# Sata HDD jumper



## mad1231moody (Jan 26, 2008)

Hey friends is there any difference between jumpers for sata and pata HDD's. I want to operate my seagate Sata II in 150 MB/sec mode. Please guide as to how do I go bout it


----------



## iMav (Jan 26, 2008)

the jumper tables are printed on the hdd the jumper for my sata II seagate is very small as compared to the 1 i have in the 160GB ide


----------



## ravi_9793 (Jan 26, 2008)

If U are using this cable to connect ur hard disk ..than it is PATA.

*www.hitachigst.com/hdd/support/cabling/ide7.gif
And if U are using this cable to connect ur hard disk , than it is SATA:
*sierra-cables.com/SATA/Images/SATA-Signal-Cable-1.jpg


----------



## mad1231moody (Jan 27, 2008)

iMav said:


> the jumper tables are printed on the hdd the jumper for my sata II seagate is very small as compared to the 1 i have in the 160GB ide


Well iMav I too have the saegate Sata II HDD. Now I have no idea as to where to get those small jumpers from. So there is a difference between jumpers for pata and sata HDD's right..


And ravi I am sure that that those red coloured sata cables have to be used with a sata HDD


----------



## iMav (Jan 27, 2008)

yes there is a size difference


----------



## Ponmayilal (Jan 27, 2008)

When I purchased the SATA drives, I noticed a small jumper came preinstalled and by default it was set to 1.5Gbs.Removing the jumper makes it a 3Gbs. 
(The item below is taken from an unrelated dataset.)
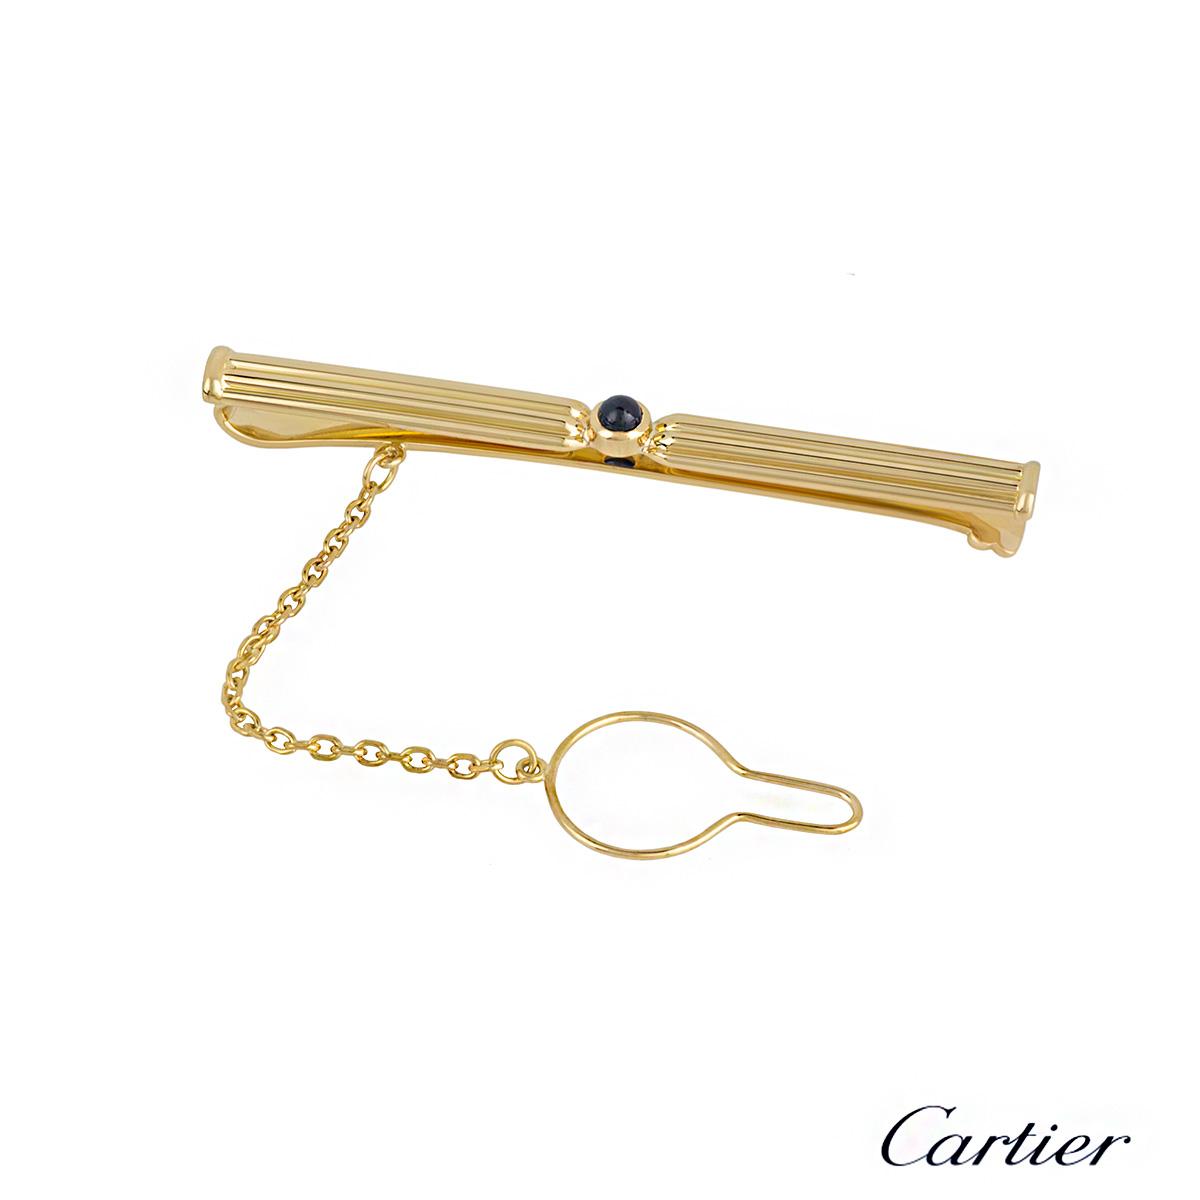 Cartier 18k Yellow Gold Sapphire Tie Clip
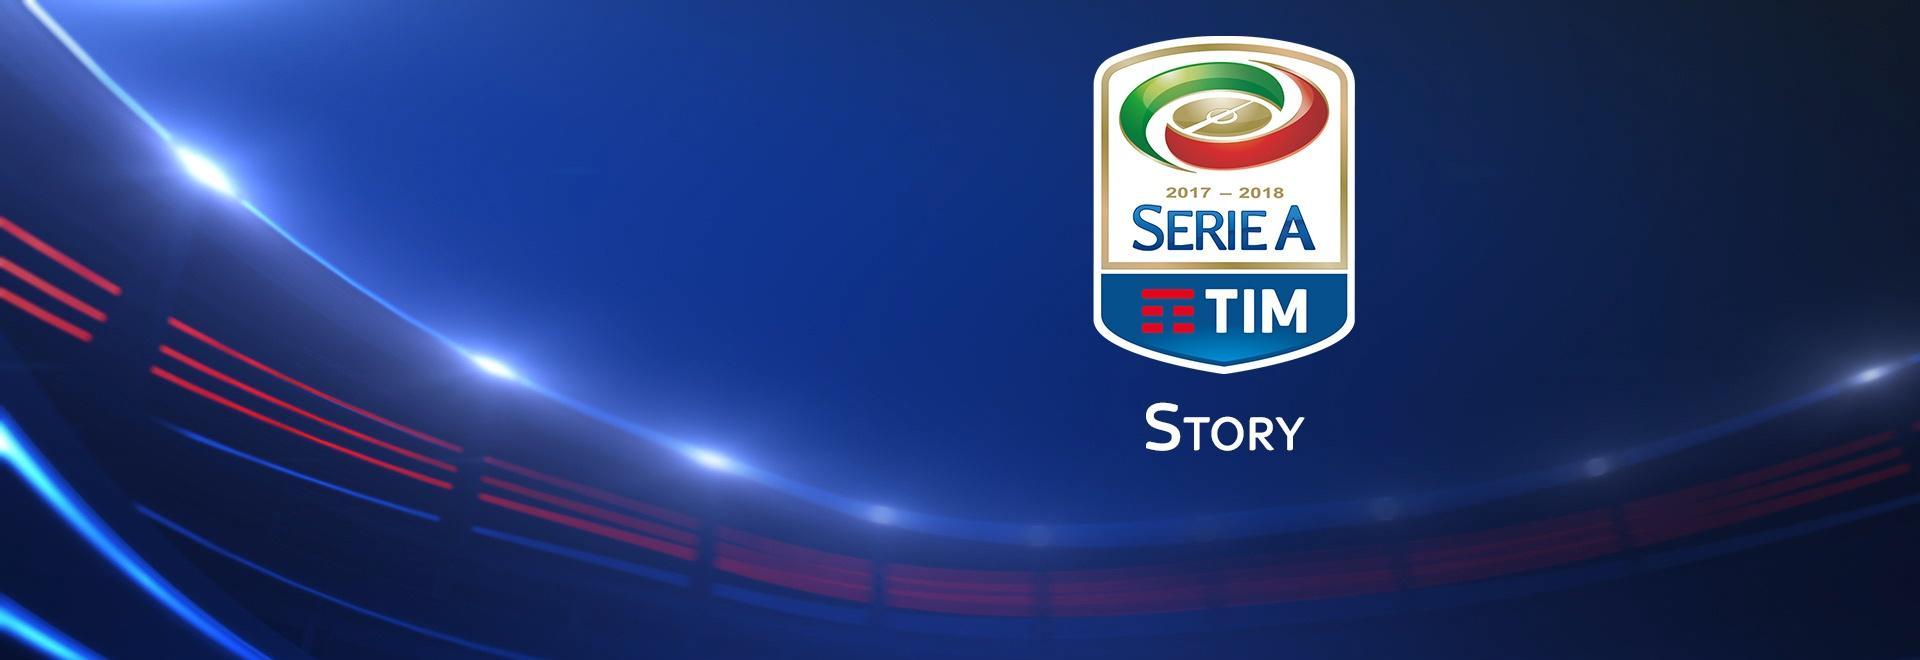 Milan - Lazio 09/09/11

I donno whether that has changed now.


----------



## mad1231moody (Jan 27, 2008)

Now I live in mumbai and can anyone tell me where can I get those jumpers from


----------



## iMav (Jan 27, 2008)

try any computer hardware shop in ur locality or the baap of all computer markets - lamington road


----------



## mad1231moody (Jan 27, 2008)

Shall I ask specially for a seagate SATA HDD jumper or any jumper


----------



## iMav (Jan 27, 2008)

ask for a sata II jumper


----------



## mad1231moody (Feb 2, 2008)

Well iMav can u confirm and say that there is a size difference in SATA and PATA jumpers, cause I have even went to lamington and asked but they  have no idea. Now I am totally frustrated. Can anyone ship a jumper to me ??
Help out please, I am fed up of all this


----------



## iMav (Feb 2, 2008)

*img231.imageshack.us/img231/6015/satapataku7.png


----------



## mad1231moody (Feb 3, 2008)

Thanks iMav for the photos. Surely a size difference. Now I have no idea as to  where to look out for that jumper. Please guide


----------



## iMav (Feb 3, 2008)

where in lamington road did u go it is rather surprising that no understood what u wanted


----------



## mad1231moody (Feb 3, 2008)

Well I went to bharti electronics, mani infotech and many shops of connectors. But I was unable to find out one man to understand what a sata 2 jumper is. iMav where do you hail from


----------



## iMav (Feb 3, 2008)

mumbai  go computer peripheral shops like the assembler guys who sell pc components


----------



## mad1231moody (Feb 3, 2008)

I have a computer shop here is vasai (western suburb). He assembles computers and when I asked for a sata jumper. He said that the pata jumper will fit on a sata drive. Pure noob I guess. iMav if you can find it somewhere then buy it , I will collect it personally. Thanks for the replies


----------